[pilafa]

Hi,

I am solving this problem (see image attached):

- Filling of a tank with water. The tank is initially full, we just fill it with new water (water level is constant)
- Axi-symmetric
- No free-surface modeled
- inlet section's surface is equal to outer surface (Ain=Aout)

My question is about the boundary conditions to apply.

I first tried the traditional "velocity prescribed at inlet" and "P=0 at oulet", but it is very difficult to have a good mass balance (The output velocity that I observe is not equal to the inlet velocity prescribed).
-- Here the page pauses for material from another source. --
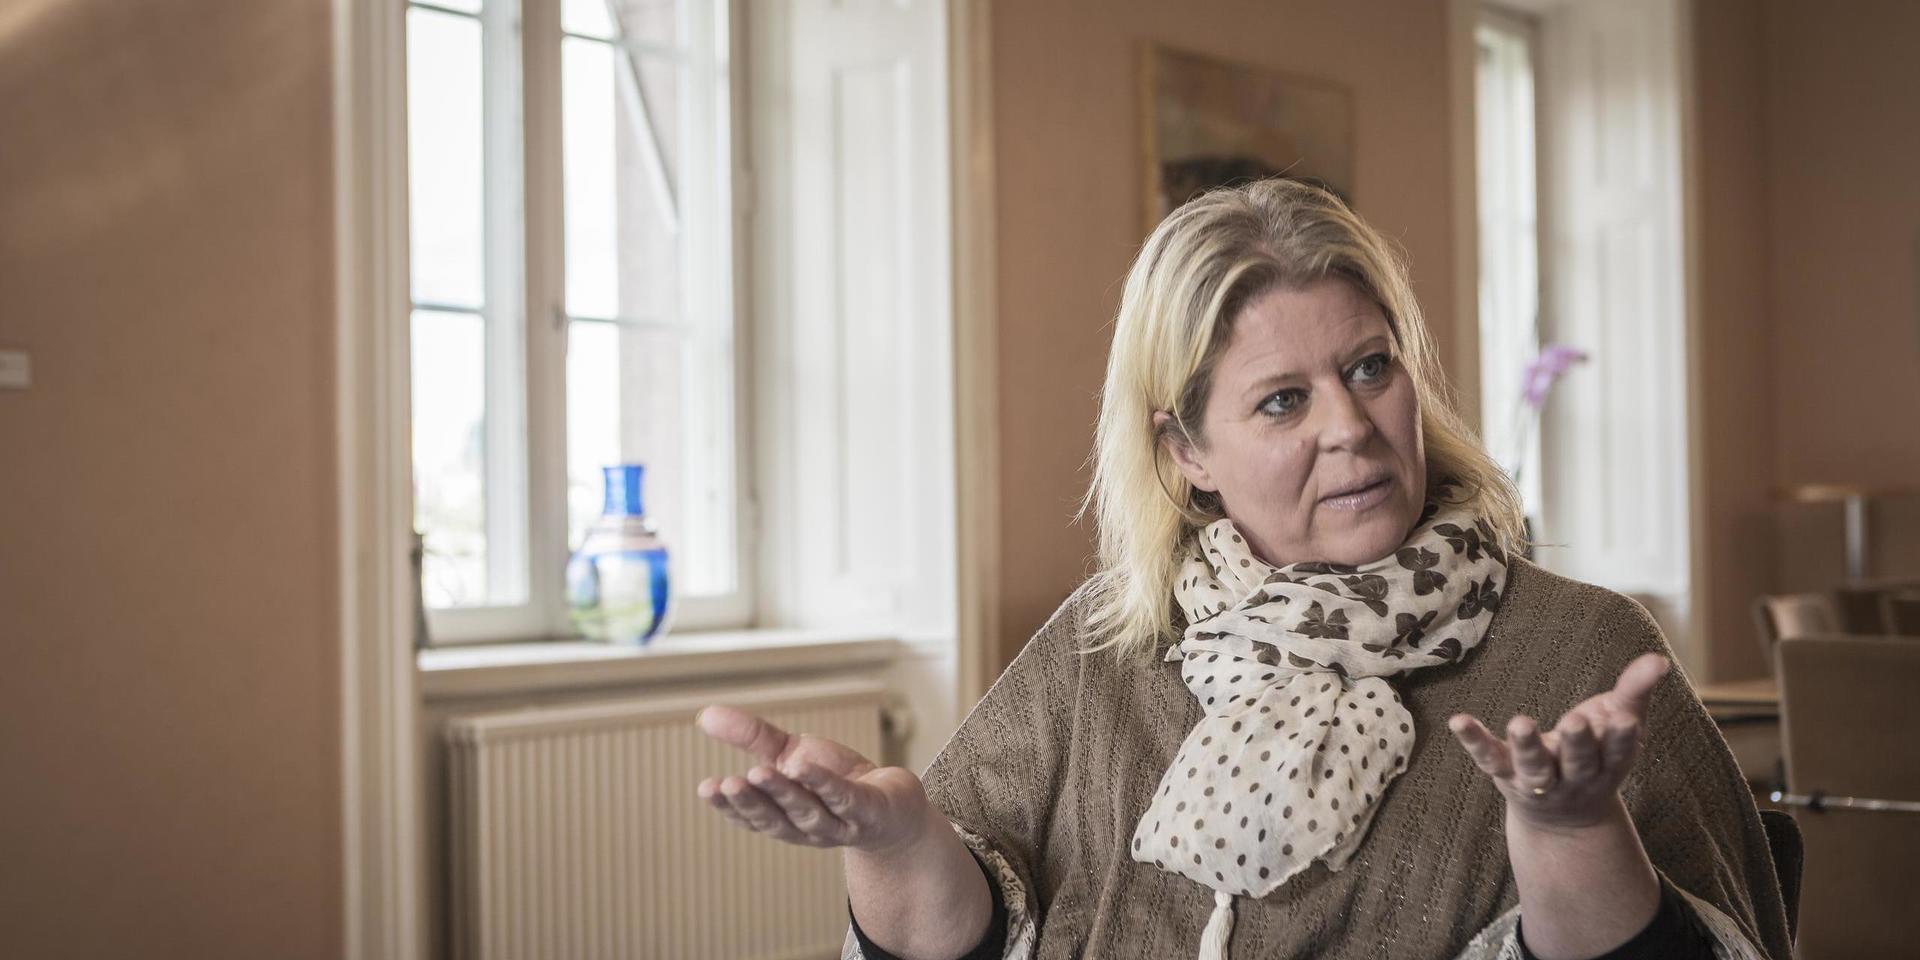 Camilla Waltersson Grönvall, socialpolitisk talesperson för Moderaterna, är kritisk mot regeringens utredning för lex Lilla hjärtat. Arkivbild.

I then tried the BC showed on the image. The convergence is much easier, but I am not sure if it's "legal".

- Inlet: Vr
- Outet: -Vr (it should be that way in order to respect mass balance)
- top surface: this surface is at "open air" (but I don't consider free surface). I put P=0, and Vz=0 to prevent the fluid to exit the domain

Do you think that this set of BC is valid?

Thanks,
Pierre

[FMDenaro]

What do you mean for Vr, is a constant value prescribed on all the nodes constituting the inlet and outlet faces? Apart from the fact that a uniform velocity profile is physically questionable (particularly as outflow), it does respect the mass flow and it must work. Thus, I think you have some bug in the code (or I do not understand well your setup...)

[pilafa]

Hi FMDenaro,

Quote:

What do you mean for Vr, is a constant value prescribed on all the nodes constituting the inlet and outlet faces?

Yes.

Quote:

Apart from the fact that a uniform velocity profile is physically questionable (particularly as outflow), it does respect the mass flow and it must work

You are right. I guess a parabolic function should be better.

Quote:

Thus, I think you have some bug in the code (or I do not understand well your setup...)
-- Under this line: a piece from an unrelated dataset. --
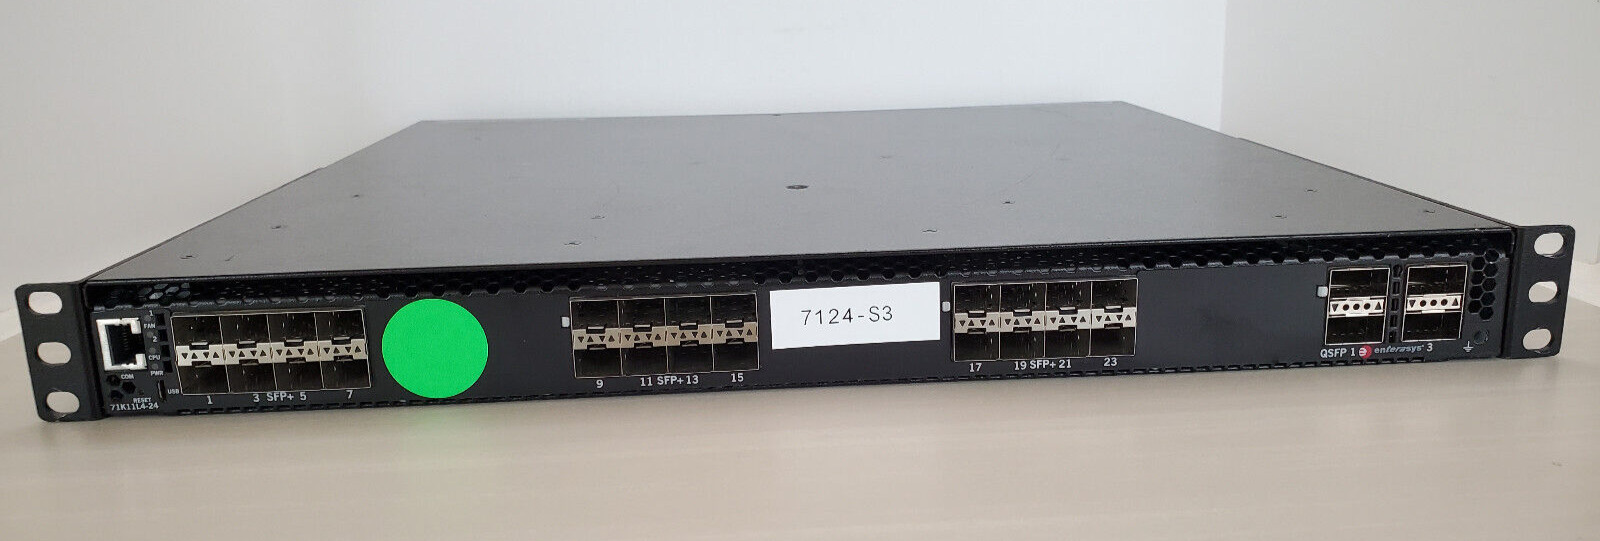 Enterasys 7124 71K11L4-24 24xSFP+ 4xQSFP 7100 Series Network Switch 2xPSU

Actually, the convergence is quite good with the BC I proposed. I never say it didn't work
It's just that I never used this configuration before and wasn't sure if that make sense or not.

Thanks!
Pierre

[FMDenaro]

Quote:

Originally Posted by pilafa

Hi FMDenaro,



Yes.



You are right. I guess a parabolic function should be better.



Actually, the convergence is quite good with the BC I proposed. I never say it didn't work
It's just that I never used this configuration before and wasn't sure if that make sense or not.

Thanks!
Pierre

from a mathematical point of view the problem is well posed, however the numerical solution you get is physically acceptable only if you assume inviscid flow conditions

[pilafa]

..mmm...interesting.

If I follow you correctly, you say that prescribing the inlet AND outlet velocity would be physically valid only for inviscid flow (no viscosity). Correct?

I don't understand why

Could help me with that?

[FMDenaro]

Quote:

Originally Posted by pilafa

..mmm...interesting.

If I follow you correctly, you say that prescribing the inlet AND outlet velocity would be physically valid only for inviscid flow (no viscosity). Correct?

I don't understand why

Could help me with that?

well, the fact that an outflow velocity profile is exactly the same of the inflow can happen also for some particular viscous flows but for very restricted conditions. For example the Poiseuille solution, mathematically valid for any Reynolds number but physically not stable just at low Re number.
On the other hand, an inviscid flow hypothesis cancels the shear wall effects and makes more acceptable such profile due to the energy reversibility (no energy dissipation, no entropy production)

[pilafa]

ok, I see. Thanks for this explanation. I agree with you.